With a view to leverage the impact of social networking, leading insurer Max New York Life Insurance is mulling an initiative whereby its customers can connect with the company through SMS to get the complaints resolved. "Social media has become an effective tool to increase networking and business development efforts. To leverage the impact of social networking on businesses, we are planning to start an initiative whereby our customers can just send an SMS and get their grievances resolved," the company's Director and Head (Information Technology), Hitesh Arora, told PTI here today. Max New York Life Insurance, a joint venture between MAX India and New York Life International, plans to launch the initiative in the third quarter (Q3) of FY 12, he said. "We want to use the SMS platform for connecting with our customers. Under the initiative, when a customer sends an SMS, he would get either an SMS or an email from our side informing about the registration of his complaint. An executive will then contact the customer and help him resolve the issues," he explained. The company had, last year, started a similar interactive initiative on Facebook by creating a community titled 'Igenius' for parents to discuss opportunities that would help hone their children's hidden talents, he said. "We have around 2-lakh members including parents and experts in the community who share their experiences as well as information. This platform has also helped us in reaching out to the parents to inform them about our new policies for children, thus generating business for us

Thursday, April 7, 2011

IRDA issues new rule on telemarketing

Telecallers of insurance products should be trained according to the syllabus prescribed by the Insurance Regulatory and Development Authority (IRDA) and they should inform clients that the call is being recorded and that the client is free to a voice copy, according to the new guidelines issued by the insurance watchdog.

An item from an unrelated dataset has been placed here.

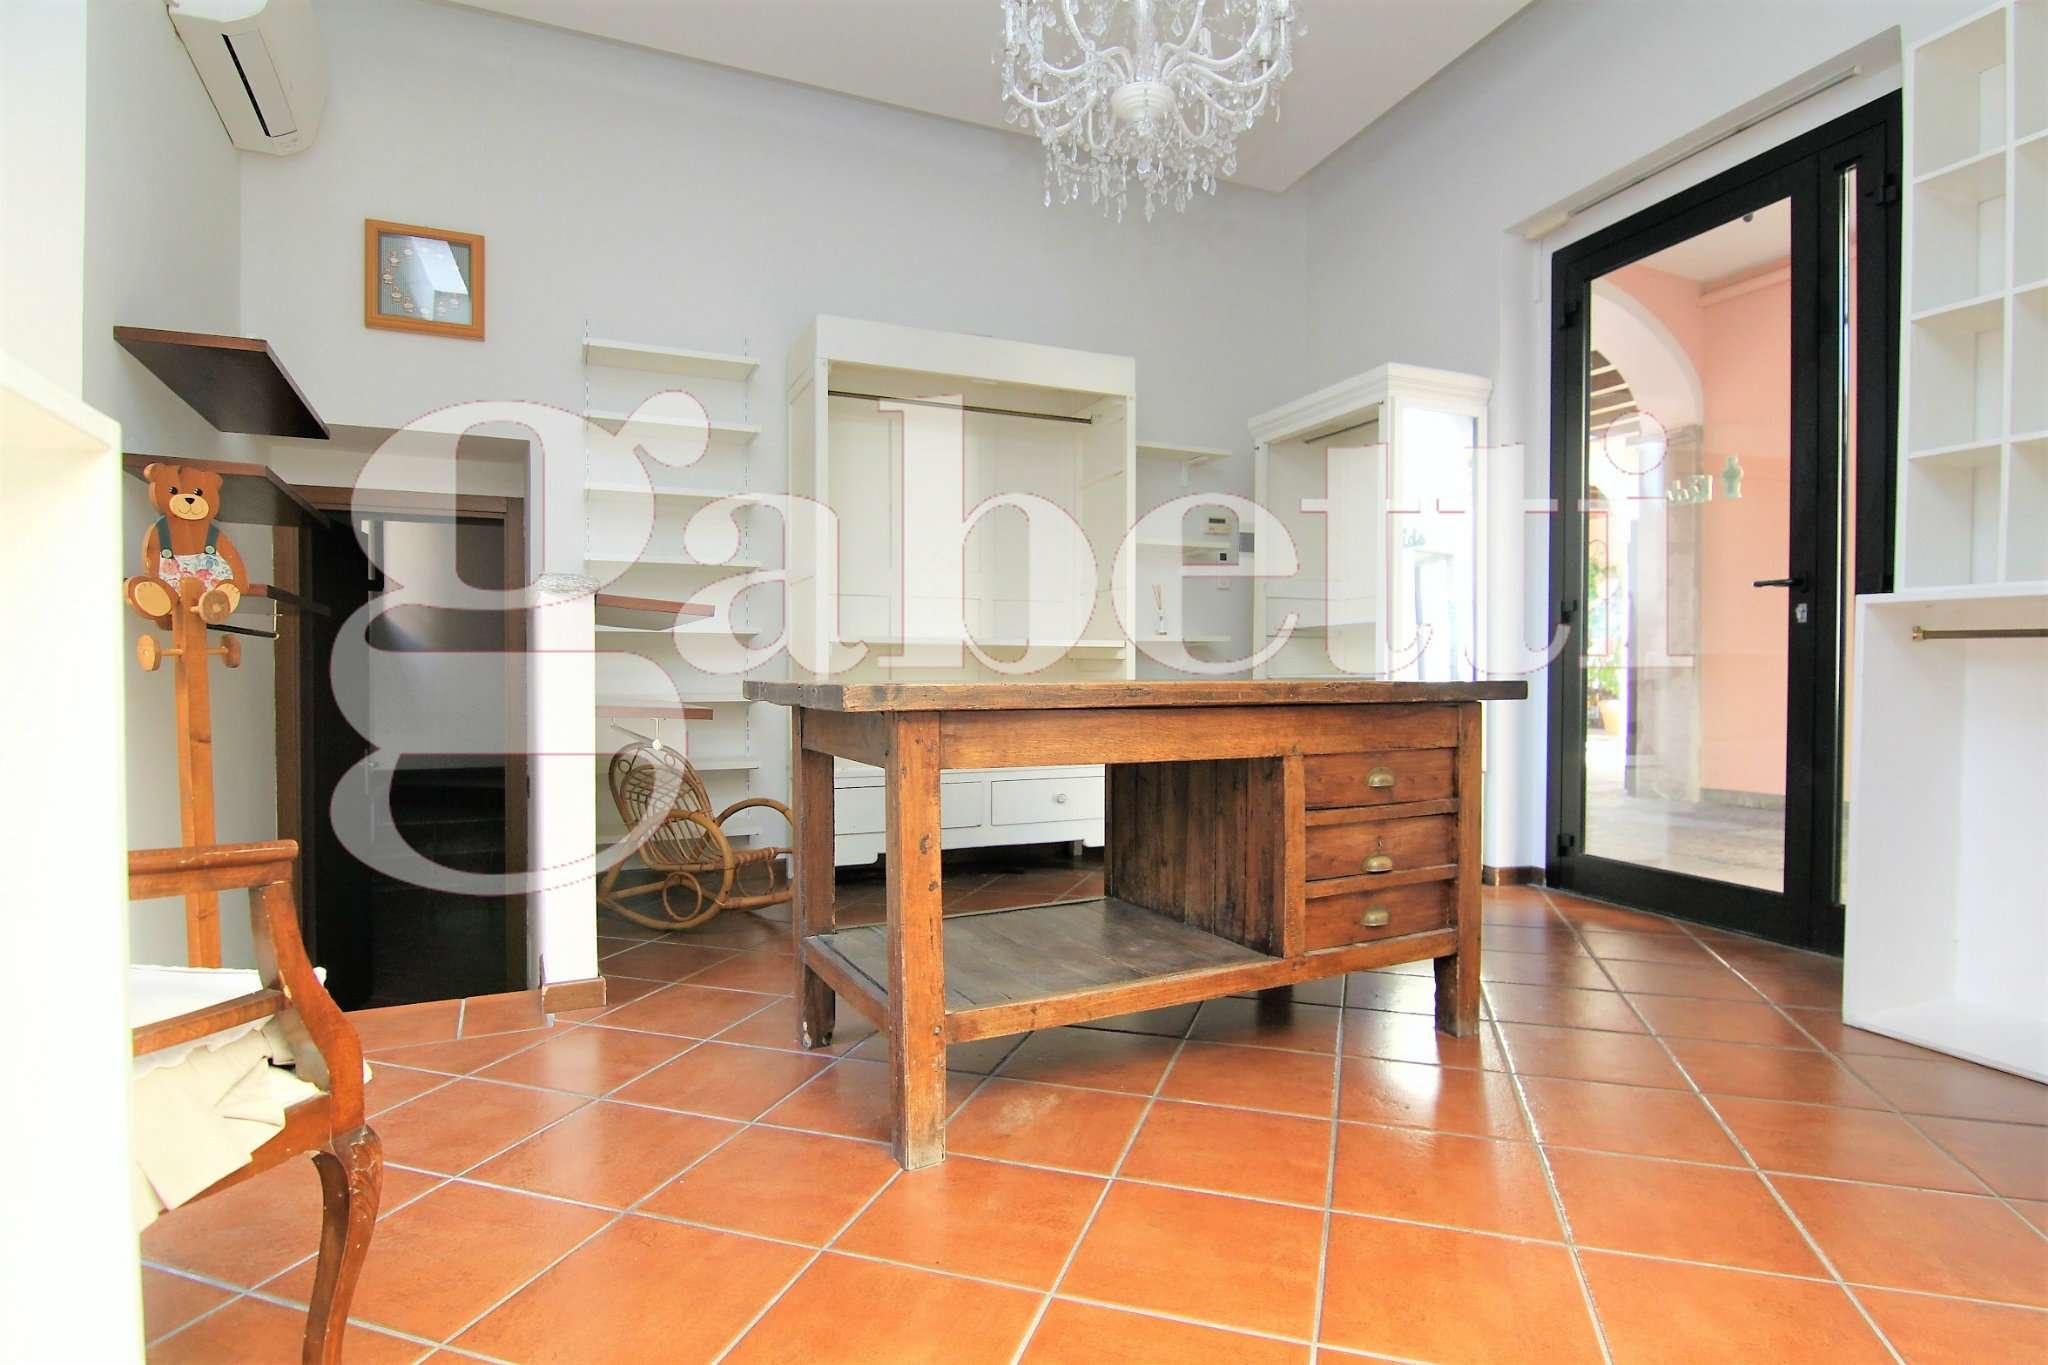 Negozio / Locale in affitto a Busto Arsizio, 1 locali, prezzo € 400 | CambioCasa.it

“The training shall be for duration of not less than 25 hours as per syllabus to be agreed by IRDA in matters related to regulations, disclosures, ethical conduct of business and specific instructions to be complied with while making the calls,” IRDA said.

The new guidelines on telemarketing and distance mode marketing shall come into force from October 1. The hours during which calls are made shall be in agreement with the orders issued by TRAI/DoT from time to time.

In all, instances where a policy is issued without obtaining a proposal in physical form, the insurers should provide a verbal transcript of the voice/electronic record of the queries raised and answers on the basis of which the policy has been underwritten, along with the policy bond, the order said.

“No inconvenience, nuisance or harm shall be caused to the clients in the course of solicitation or thereafter. Full disclosures shall be made to the clients under all modes of distance marketing and the requirements of confidentiality, privacy and non-disclosure shall be complied with,” it said.

Also, insurers shall not solicit ULIPs of non-single premium type for annualized premium exceeding Rs 50,000 over telephonic mode (voice as well as SMS). Single premium ULIPs shall not be solicited for a premium of more than Rs 1, 00,000 over telephonic mode.

The insurance watchdog has also banned selling or soliciting variable insurance product over distance marketing mode.

The records pertaining to every call made and SMS sent by a telemarketer/corporate agent/broker that materialises into a policy shall be transferred to the insurer’s location within 30 days of conclusion of sale. In the case of telephone calls, the records transferred shall be the recordings of the entire conversation.

Insurers/brokers shall monitor the calls live by arranging for listening to at least 1(%) per cent of the calls as they happen.

Insurers shall verify at least 3(%) per cent of the calls leading to sales for compliance with the guidelines, by engaging a team of dedicated employees to listen to the call recordings.

The observations made in the course of verification should be preserved in a retrievable form for a period of not less than three years, IRDA added.